Enhanced lithiation dynamics in nanostructured Nb18W16O93 anodes

Abstract Lithium ion batteries are essential for energy storage in many applications, such as portable electronic devices and electric vehicles. However, charge-discharge rates and cycle life of the current batteries are insufficient to fulfill the targeted requirements of projected future devices, due to the severe limitations of conventional graphite anodes. Niobium tungsten oxides have recently been attracting attention as a new anode material for fast (dis)charging, owing to their stable host structure for lithium intercalation. It was originally believed that nanoscaling and nanostructuring would have a negligible effect on its electrochemical performance. However, the influence of the particle and grain size of niobium tungsten oxide electrodes on its electrochemical behavior is still an open question. This work reports on an investigation of the dependence of the lithiation process on the grain size of Nb18W16O93 anodes down to 60 nm.

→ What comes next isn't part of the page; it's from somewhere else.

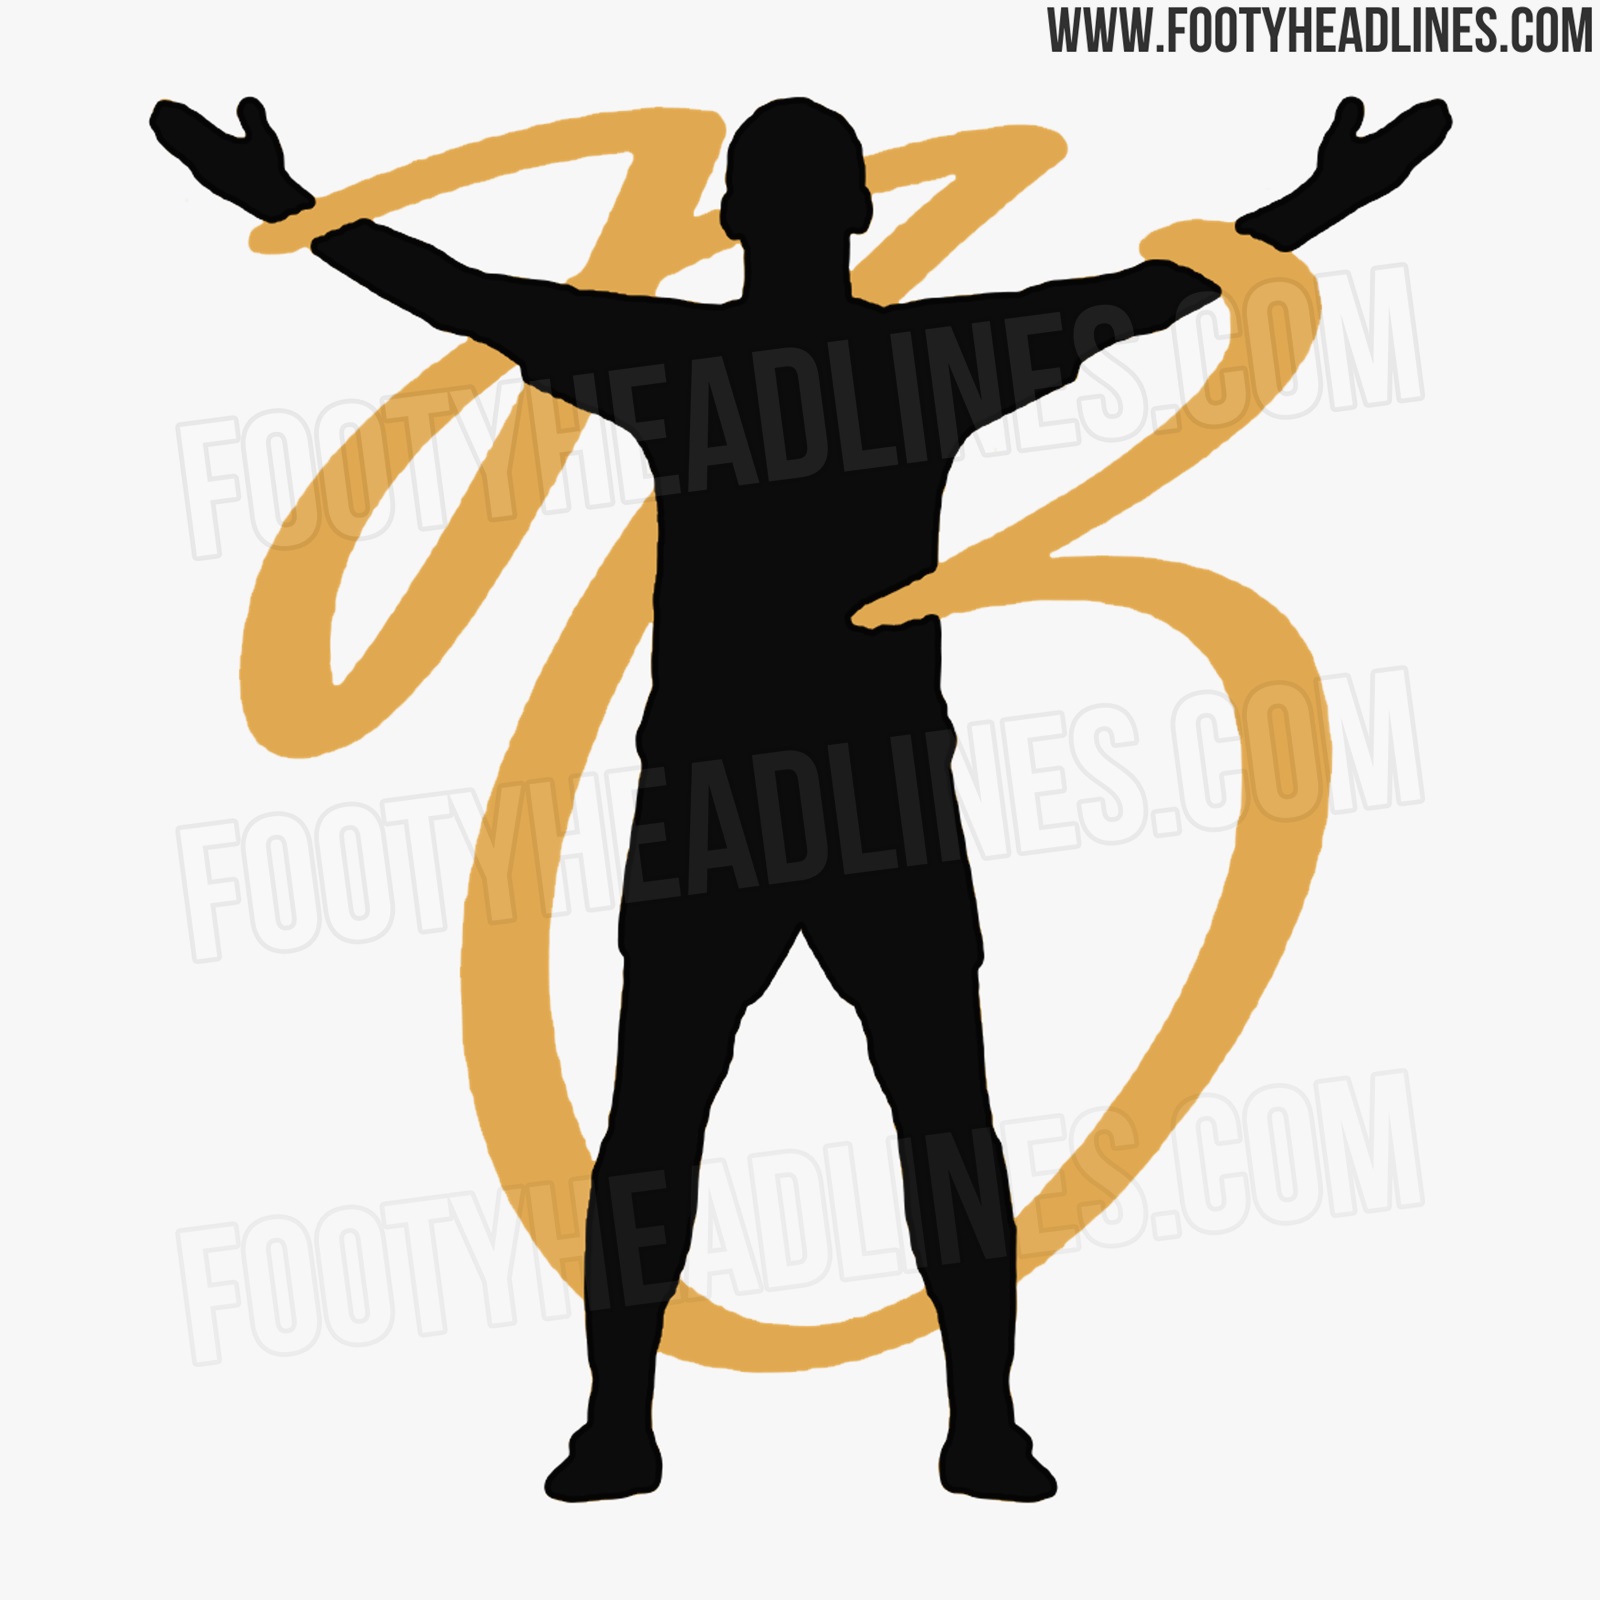 امضای بلینگام؛ طرح لو رفته از لوگوی اختصاصی آدیداس برای ستاره رئال مادرید / عکس

The results demonstrate that downscaling below 100 nm significantly enhances the lithiation dynamics of niobium tungsten oxide. Furthermore, it suggests that the grain boundaries of Nb18W16O93 have significant influence to the fast lithiation process. It provides a new perspective on the impact of downscaling grains to improve the electrochemical performance of Nb18W16O93 anodes for realizing fast (dis)charging in future energy storage devices.